[[ Input data, beginning ]]

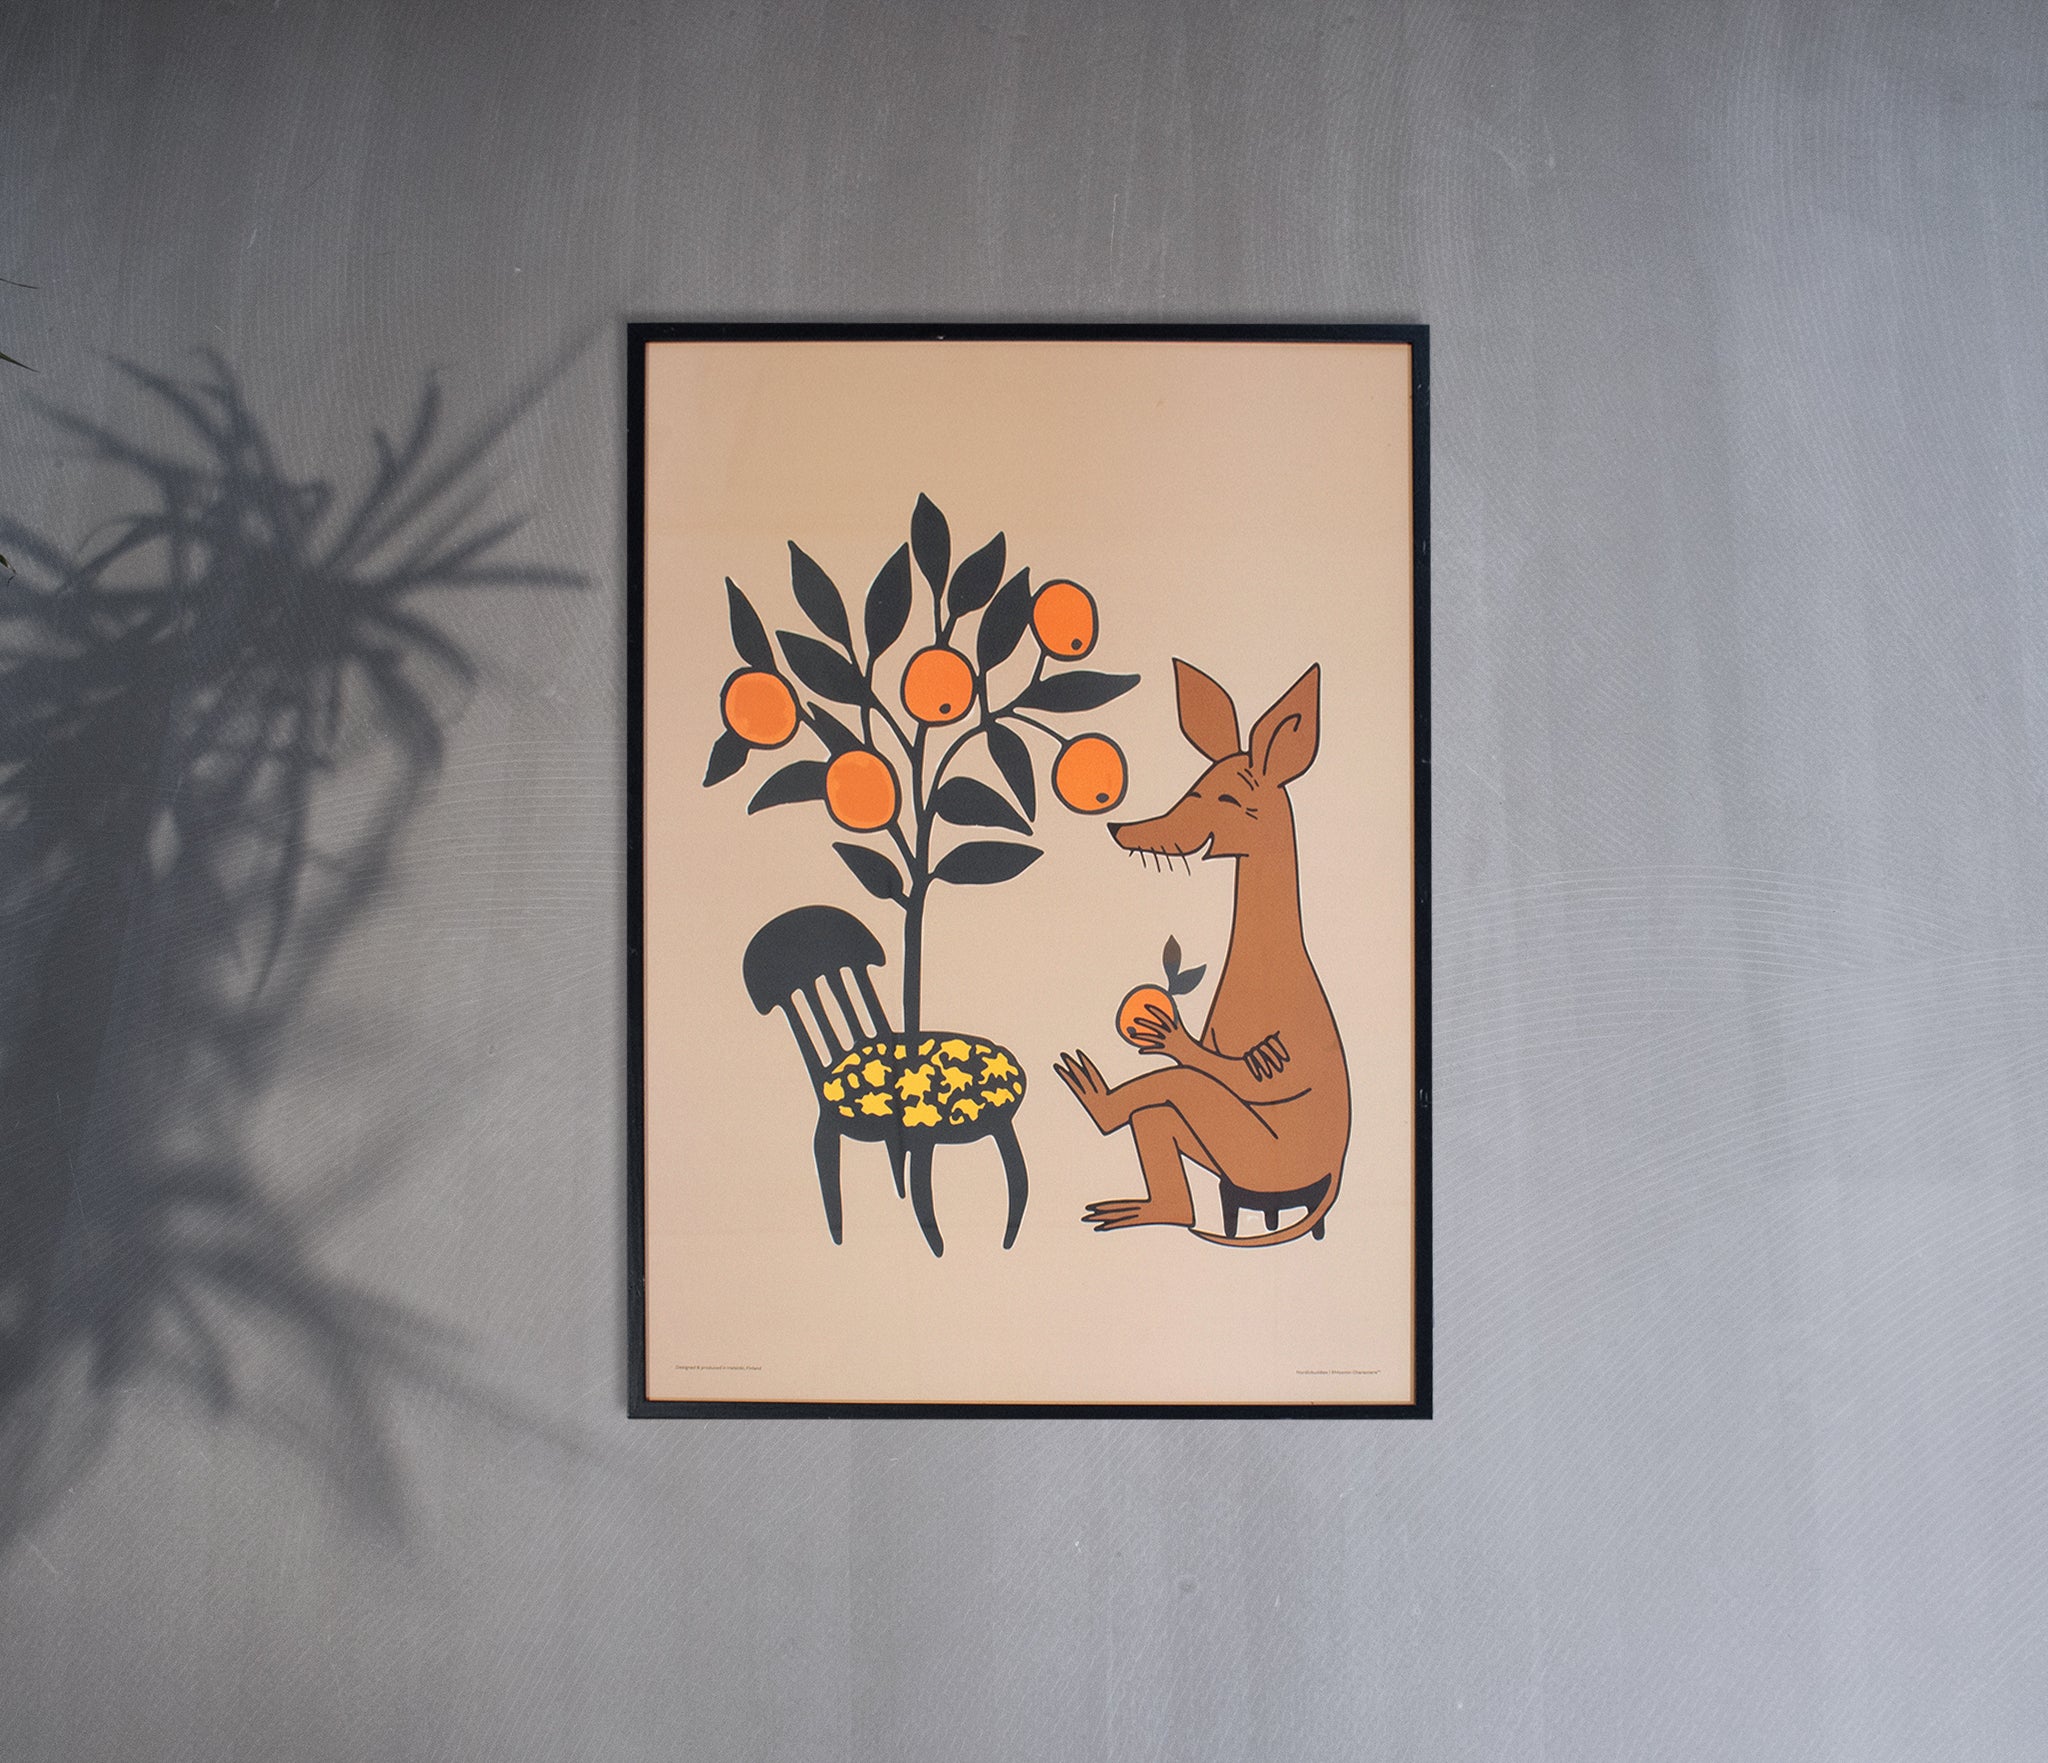 Sniffs Oranges Poster 30x40cm - Beige
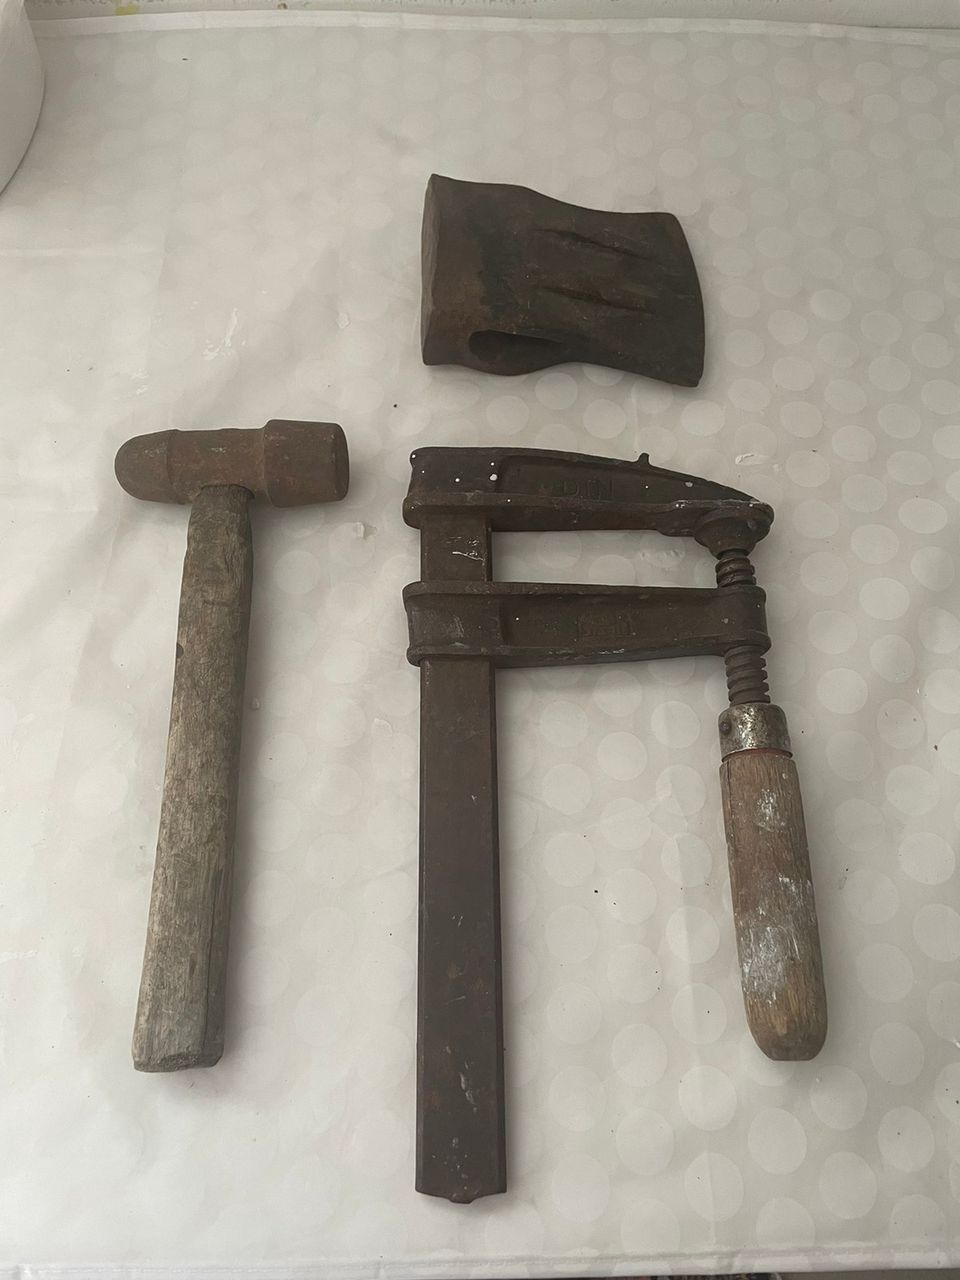 Vanhoja työkaluja
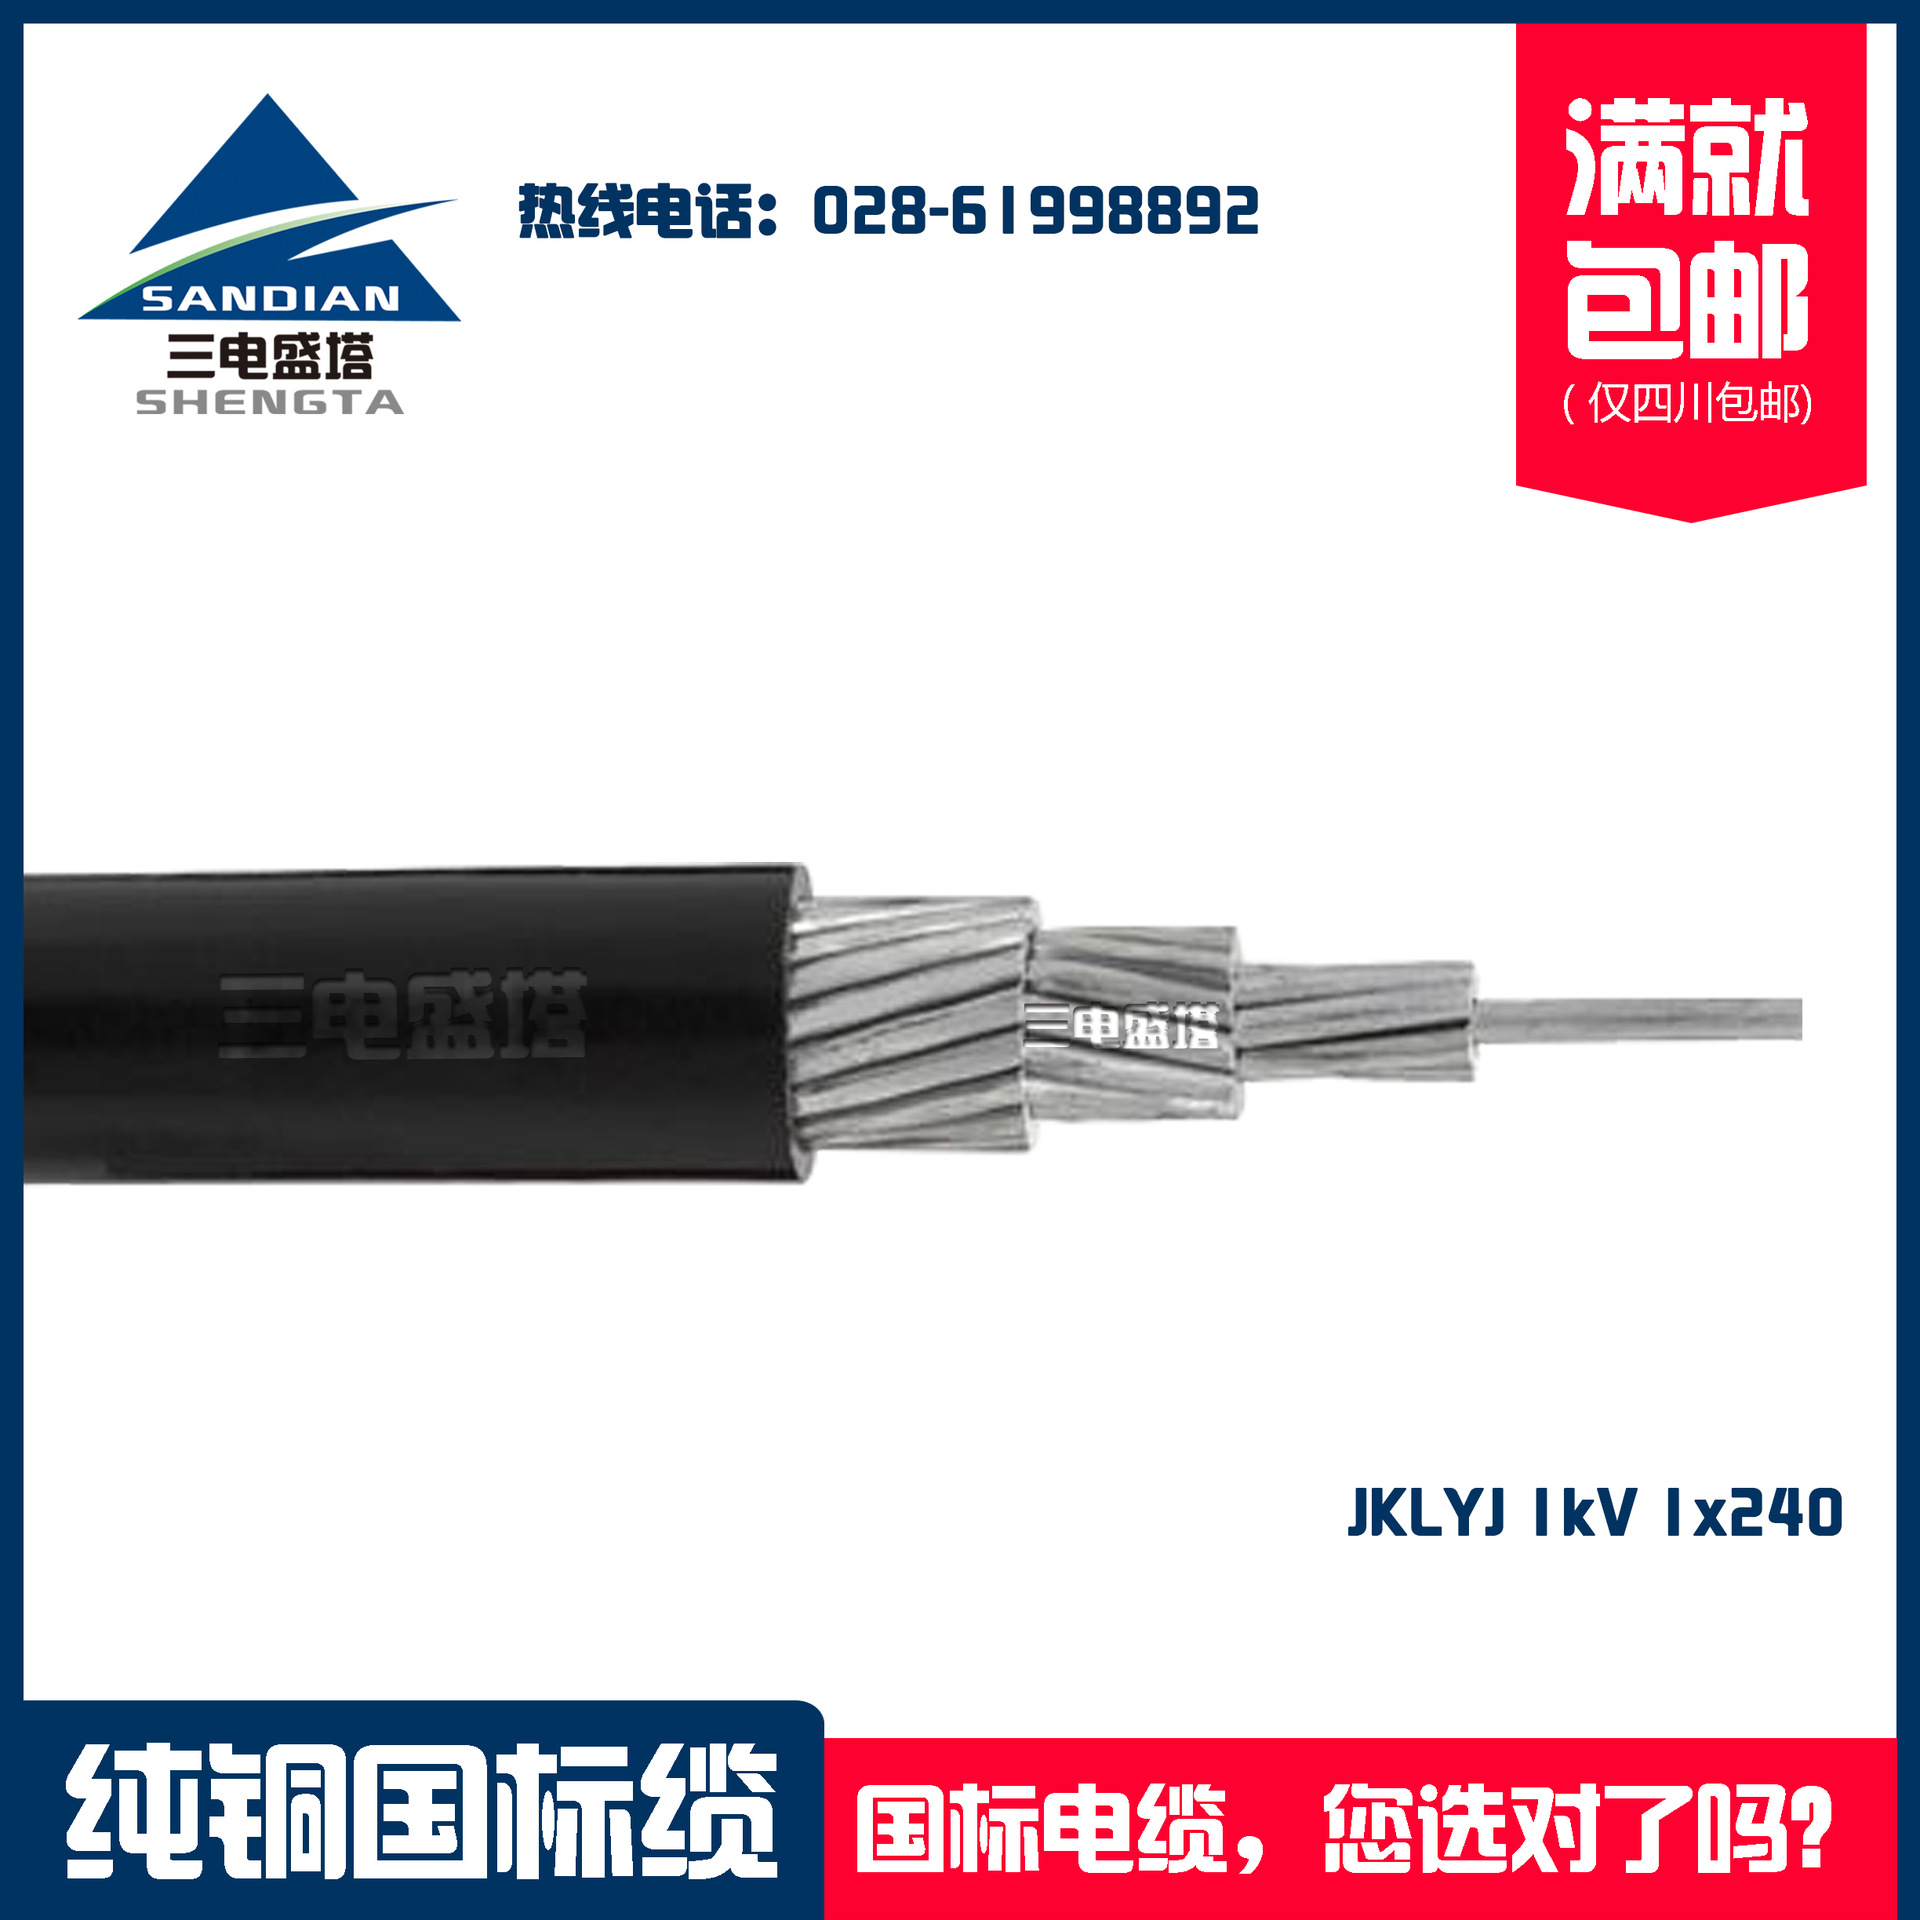 三电盛塔 铝芯架空电缆 国标电缆 JKLYJ 1*240

[[ Input data, end ]]

What you will do: Please ensure that the data above is repeated exactly, with no pictures in the copy.

Solution for this exercise:
 Sniffs Oranges Poster 30x40cm - Beige
 Vanhoja työkaluja
 三电盛塔 铝芯架空电缆 国标电缆 JKLYJ 1*240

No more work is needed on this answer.